ROM-COMS ARE USEFUL TRAINING TOOL
01.29.09Ghosts of Girlfriends Past is a romantic comedy starring Matthew McConnaughey that thankfully involves neither Kate Hudson nor a search for treasure. The great thing about it is that it teaches girls not to fall for that douchey pussy who’s always being nice to you. True love is what happens when that hot asshole who treats you like shit and f’s all your friends finally discovers the meaning of life. Think about it, it could be you he settles for! How romantic!

Most of the tools that I know were trained by Rom-coms.
I could shit in my printer and the output would be more original than this garbage.
It’s true, rom-coms do train tools.
TD Ameritrade commercial:
“And we have the tools to help you make sound investments…”
Cracks me up every flackin time.
I’d like to invest in a honk and a boing please.
Romanian Communists are getting a bad rap lately.
Can’t watch the vid, but I’ll just picture every other chick flick ever made, paint some new faces in there, and start petting my vagina softly cuz she’s getting all throbby.
Rom-coms trained my tool to turn itself inside out and crave chocolate.
Ryan Gosling understands that you still have feelings for the hot jerk who dumped you. Ryan Gosling just wants you to be happy. He’ll be standing over here in his wedding tuxedo, watching you swap spit with the wedding photographer.
As are Roman Commuters.
Rom-coms trained my tool to appreciate a good wine/cheese combo.
Rom-coms trained my tool to fuck the hot guys and use the nice guys.
The Mighty Feklahr asserts that a good wine/cheese combo can be one of the more masculine thins a guy can…
HEY!
I am a useful tool
That’s the problem with broads these days, they just don’t get that it’s not my decision to fuck all of their coworkers. I only do it to show how interested I am in them…and for the free video rentals.
GRRR…MILWAUKEE’S BEST AND CHEETOS!!!
Rom-coms trained my tool to never shit where it eats… er, I mean.. whore around the office.
In regards to romance, I have a saying: If you love someone, let them go. If they come back, tell them you’ve already met someone.
Ghosts of Girlfriends Past: Also known as Chodin’s Crawlspace.
Rom-coms trained my tool that being a brides maid is OK… someday, it… it will be it’s turn… {tool menstruates}
Donk, I thought we were going to keep our romantic weekend in Cabo a goddamn secret?
Ol CCH’s ghosts of girlfriends past look like they put cigarettes out on their lips.

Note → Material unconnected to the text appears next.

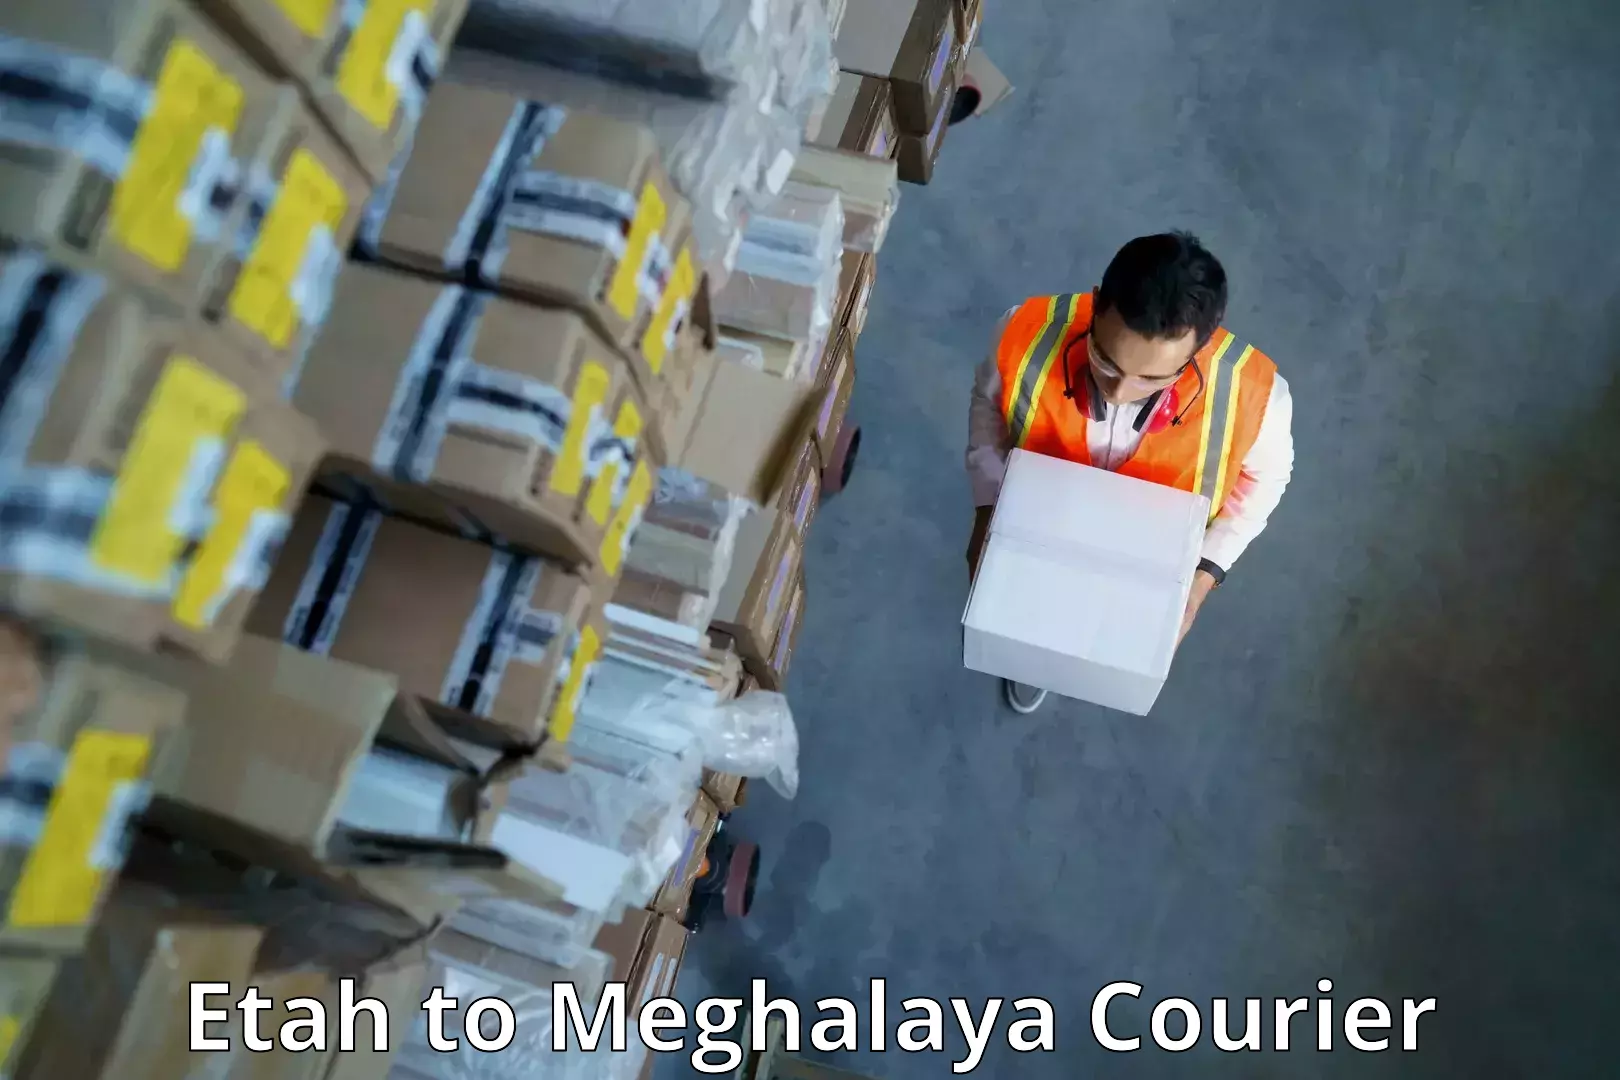 Rapid shipping services Etah to Meghalaya

If I could turn the Winnybango into a time machine, I’d go back and get head from more fat chicks.
I don’t have a problem with the ghosts of my girlfriends past. It’s the ones from the future that the cops keep questioning me about. What, motherfuckers? They’ll eventually turn 18.
Ol’ CCH’s ghosts of girlfriends past appear late at night, waving little pink plus signs.

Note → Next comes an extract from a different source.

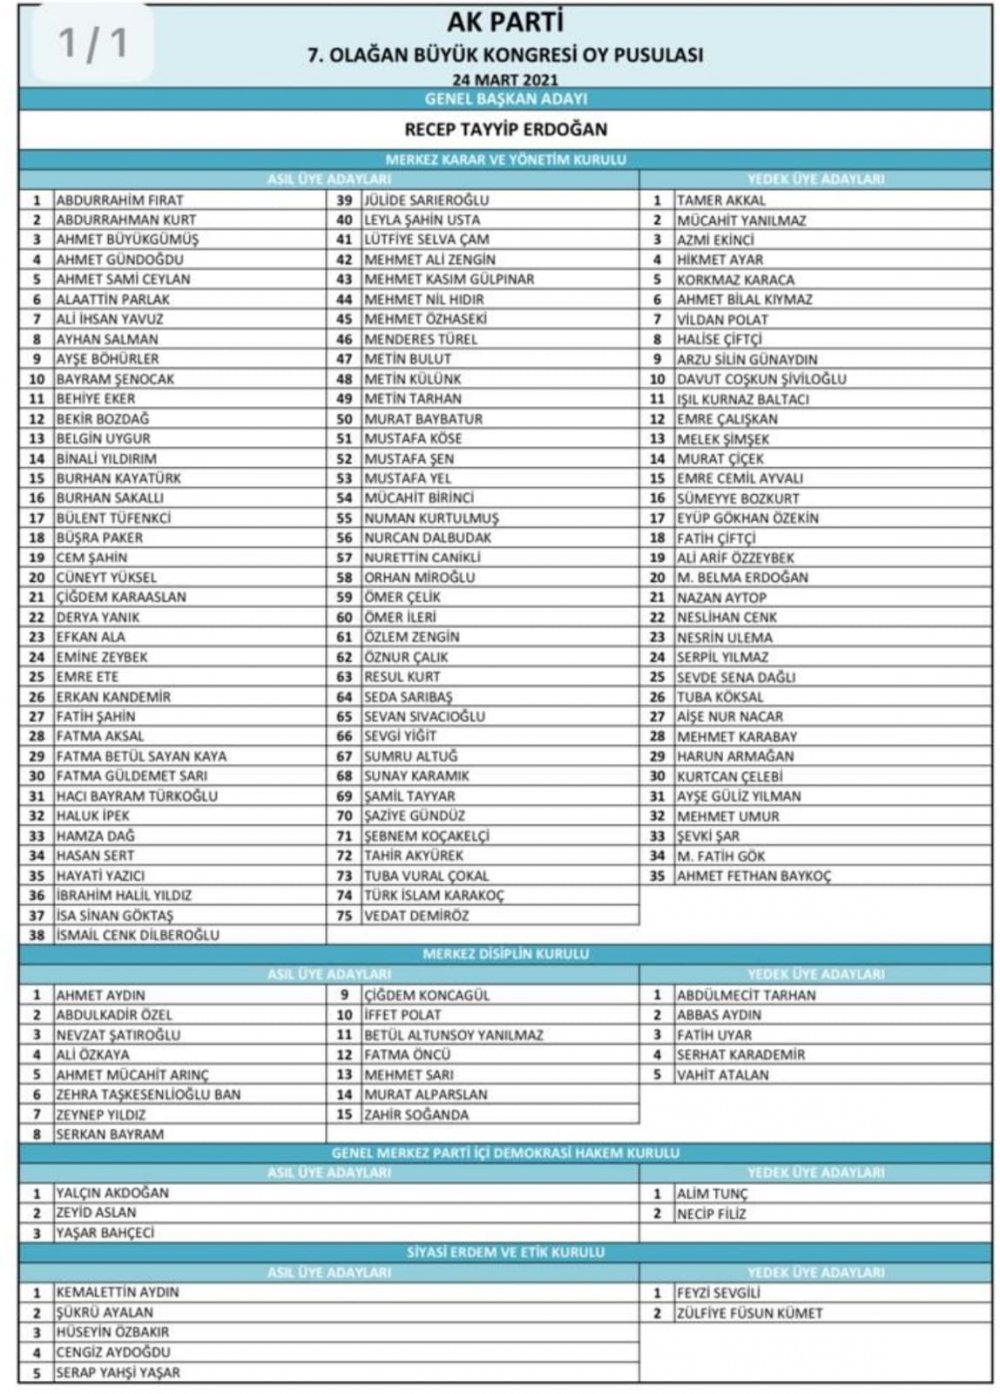 AK Parti yeni MKYK listesi açıklandı! İşte AK Parti MKYK listesi

Rom-coms trained my tool to have totally unrealistic expectations of what it should expect in a man. And can’t understand why it’s still single and 42.
Don’t worry, you’ll turn 43 eventually.
Dor Sho Gah! Never trust a Romulan Comic.

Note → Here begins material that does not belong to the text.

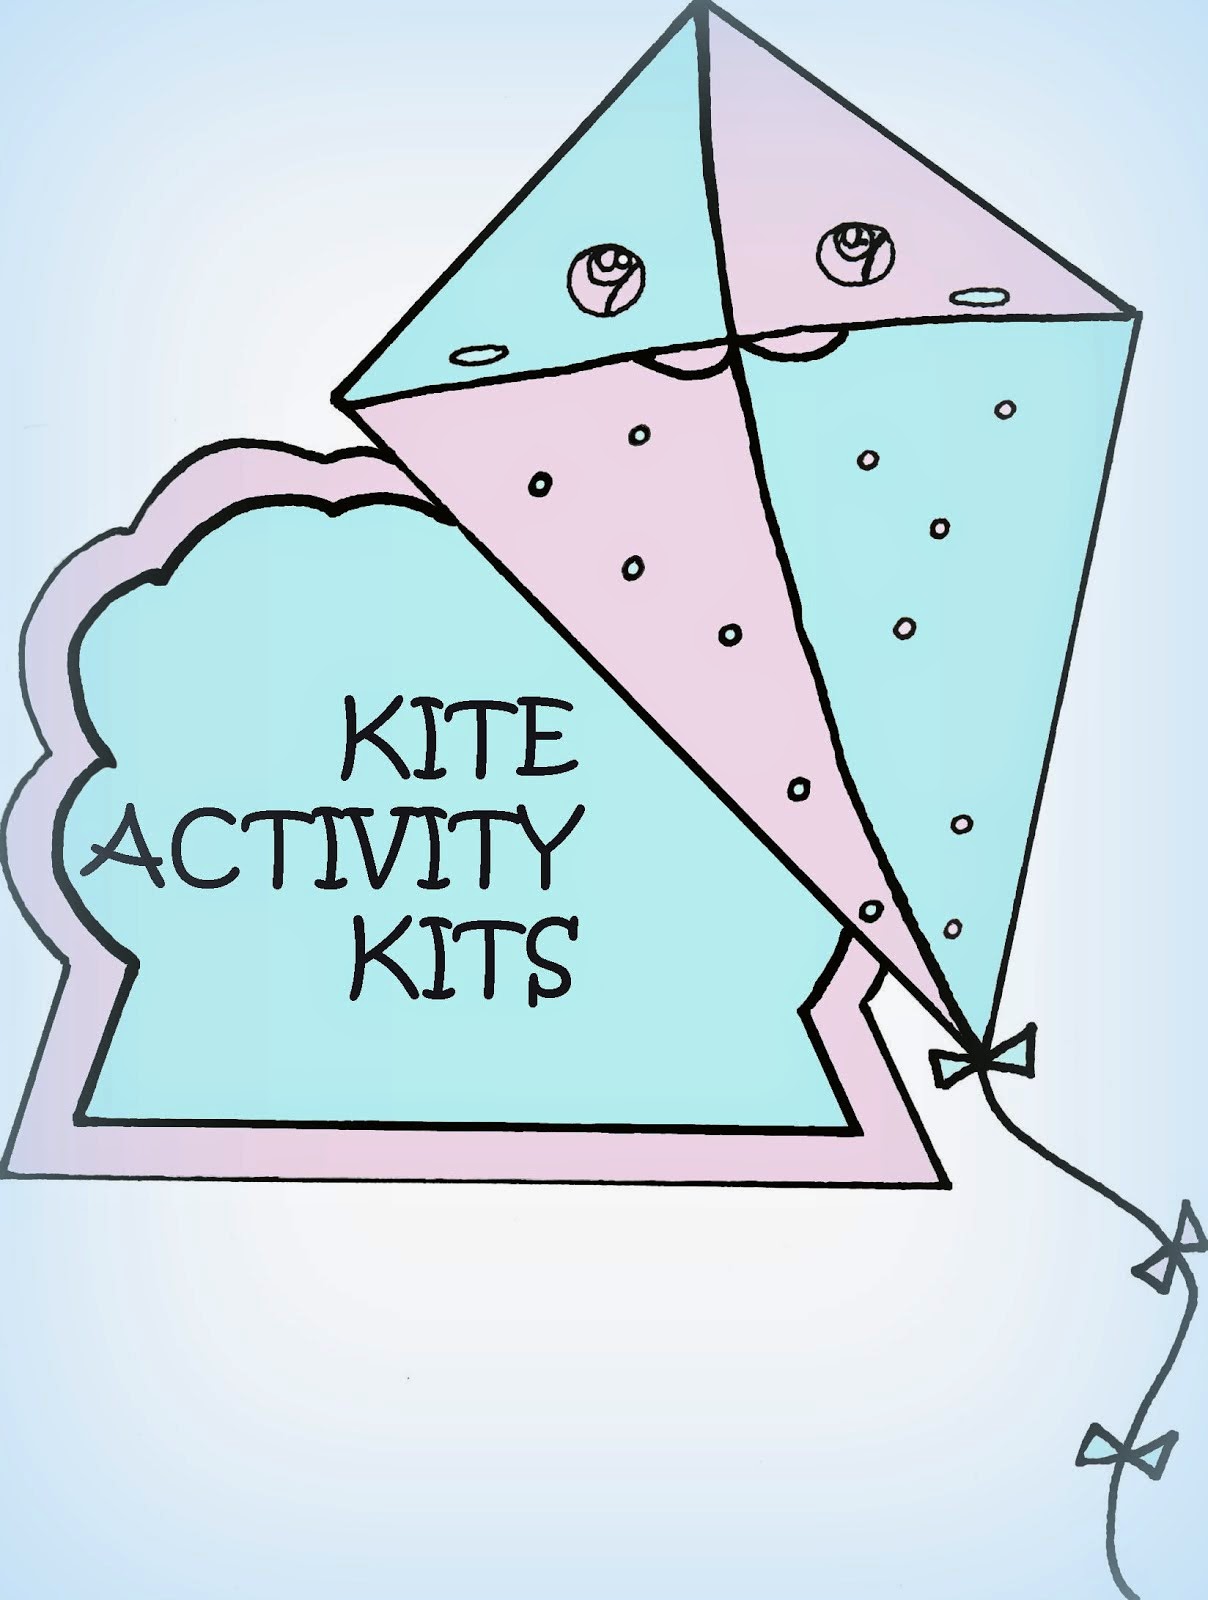 Kite Activity Kits

My favorite useful tool with the ladies is a chainsaw, like my hero, Patrick Bateman.
All my girlfriends past need to know about how our relationships were going to go simply needed to watch The Smurfs.
They should have stuck with the title Screwge.
You just gotta keep on phonin’ it in, man. F-O-N-I-N.
That’s what I love about these ghosts–I keep gettin older but they stay the same age.
Affleck’s reaction when he found out McConnaughey and Garner were having a real life affair and were planning to adopt a bunch of homeless kids from Cambodia: “What are you looking at? Huh? I’ll kick your fucking ass, right now! What are you smiling at? Freshman faggot!”
Close your eyes and listen to the last 11 seconds of that video and you’ll hear every sexual encounter I’ve ever had.